"Aggressione a sfondo sessuale a una autista Ataf"

La denuncia della Rsu: è successo ieri sera al capolinea del 35, all'Indicatore. La donna è riuscita a dare l'allarme e a fuggire. I carabinieri di Campi hanno fermato l'autore. Lulurgas (Cgil), "Servono soluzioni, le lavoratrici e i lavoratori hanno il diritto di svolgere la propria mansione tranquillamente"


I sindacati Ataf denunciano un'aggressione ad una autista, ieri sera verso le 21 al capolinea della linea 35 all’Indicatore. "A differenza delle altre volte - sottolinea in una nota Rsu Ataf Gestioni Srl - come racconta la nostra collega tuttora sotto choc, l’aggressione è stata a sfondo sessuale, e se non si è consumata una vera e propria violenza, lo si deve solamente alla puntuale reazione e fuga della stessa. A certificare l'accaduto sono stati i Carabinieri di Campi Bisenzio, intervenuti sul posto a seguito della pronta richiesta della Collega, i quali hanno messo in stato di fermo lo squilibrato".

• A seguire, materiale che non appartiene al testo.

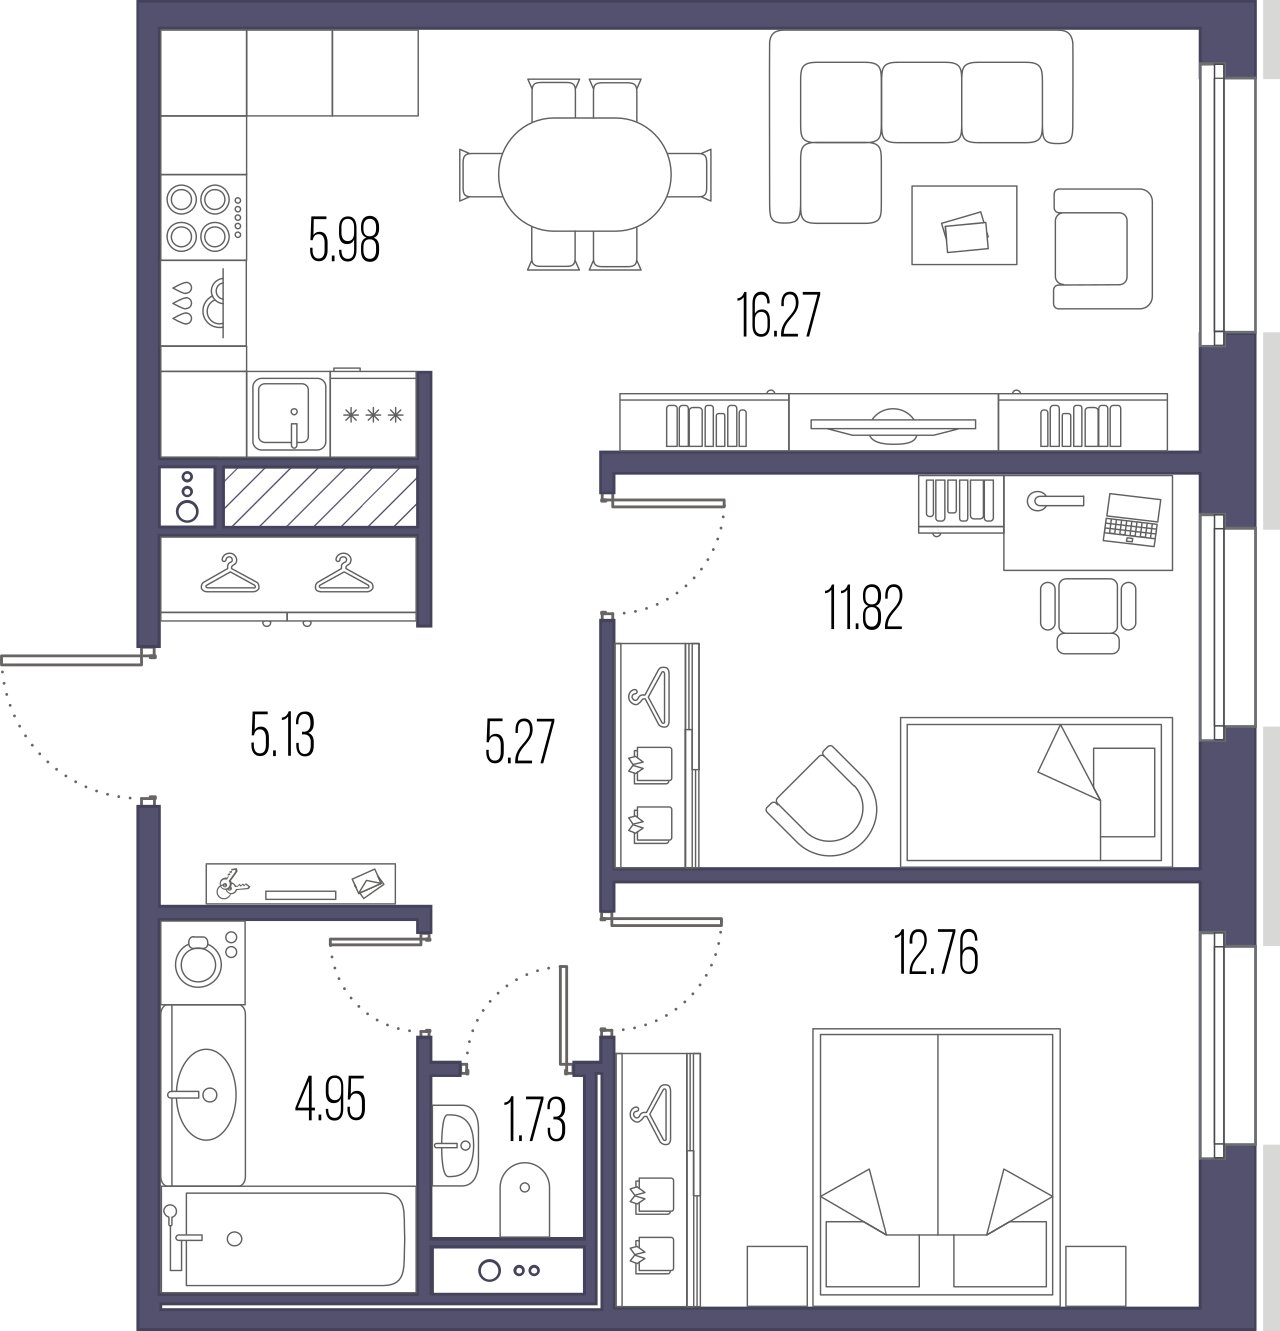 2-комнатная квартира  №35 в Svetlana Park: 63.91 м², этаж 6 - купить в Санкт-Петербурге
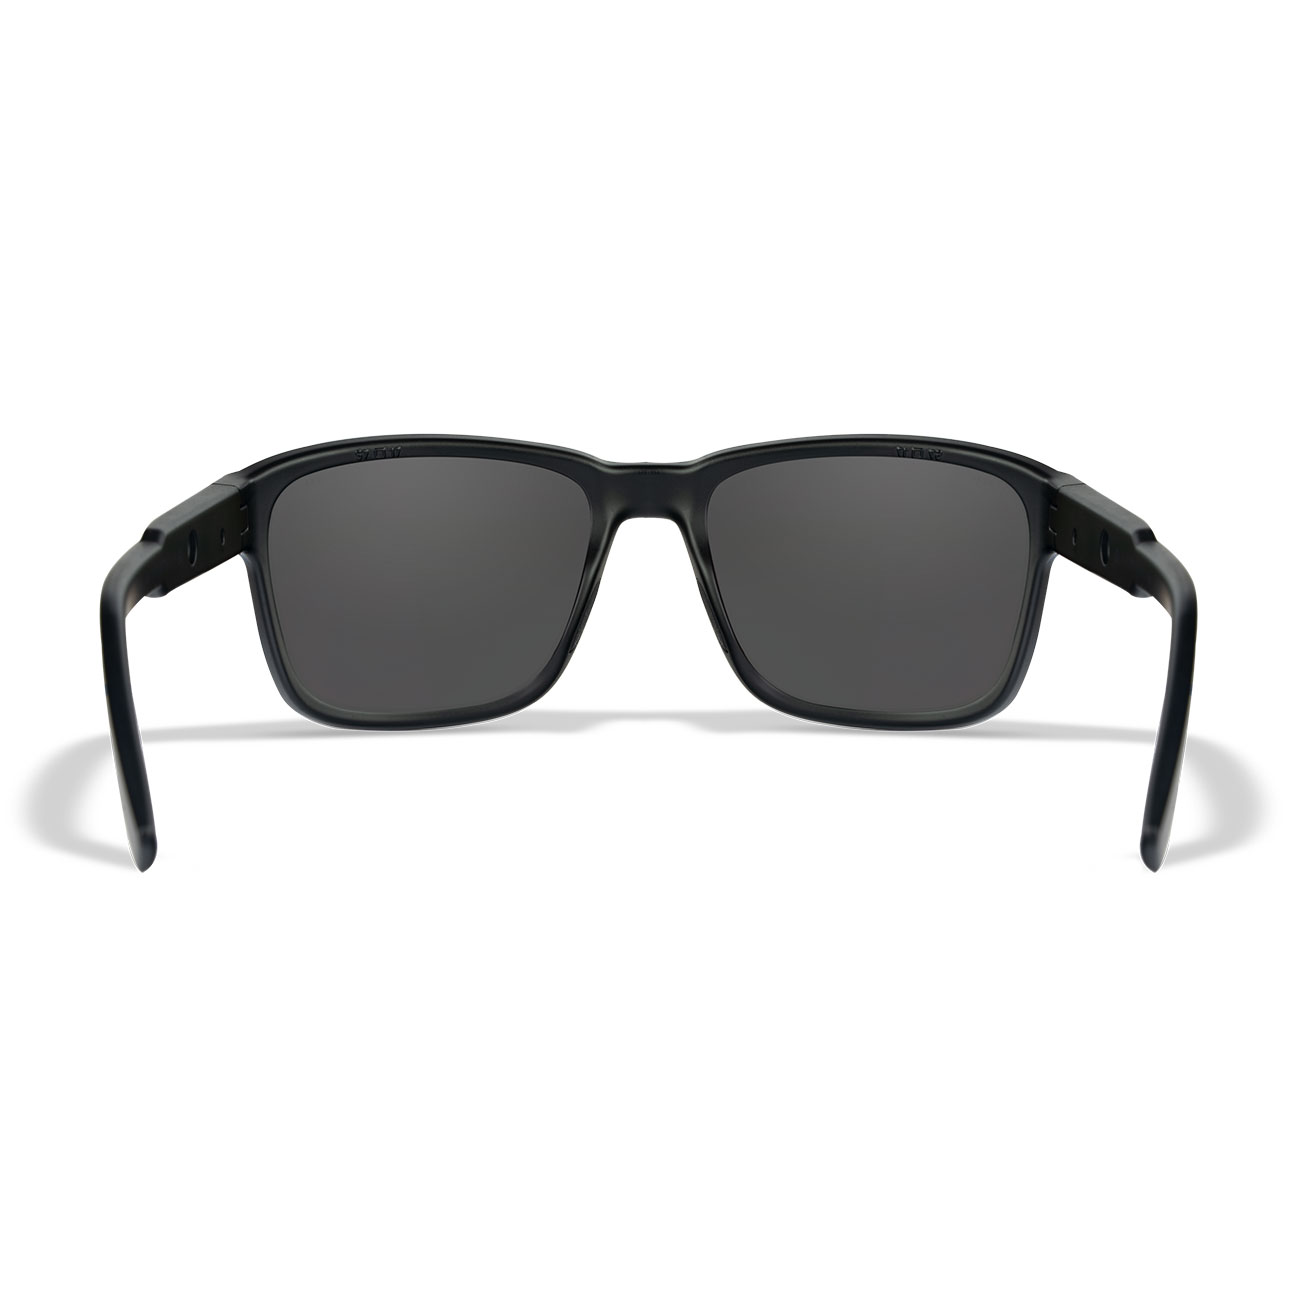 Wiley X Sonnenbrille Trek matt schwarz Glser grau inkl. Brillenetui und Seitenschutz Bild 3

Oltre a manifestare vicinanza e solidarietà all'Autista coinvolta, la RSU di ATAF Gestioni denuncia ancora una volta "la mancanza di sicurezza di alcuni capolinea periferici e locati in zone pressoché isolate, protagonisti sempre più di fatti incresciosi come questo, che mettono a repentaglio la sicurezza dei colleghi e dei fruitori del servizio stesso, e chiede si prendano rapidamente provvedimenti per la messa in sicurezza degli stessi o per l’individuazione di località alternative ove effettuare capolinea, le quali possano essere maggiormente sicure e controllate, onde evitare il ripetersi di episodi del genere”.

“Penso sia diritto di ogni lavoratrice ed ogni lavoratore poter svolgere la propria mansione tranquillamente e con serenità - dichiara Michele Lulurgas, menbro della Rsu Ataf per Filt Cgil -  e non è ammissibile che chi si trova a fare capolinea dopo una certa ora debba farlo con l'ansia che si verifichi un'episodio del genere. Va garantita quanto prima la sicurezza ai capolinea e chiediamo un maggior presidio ed una puntuale attenzione verso le zone critiche da parte delle forze dell'ordine, alle quali va comunque il nostro ringraziamento per il lavoro che svolgono quotidianamente”.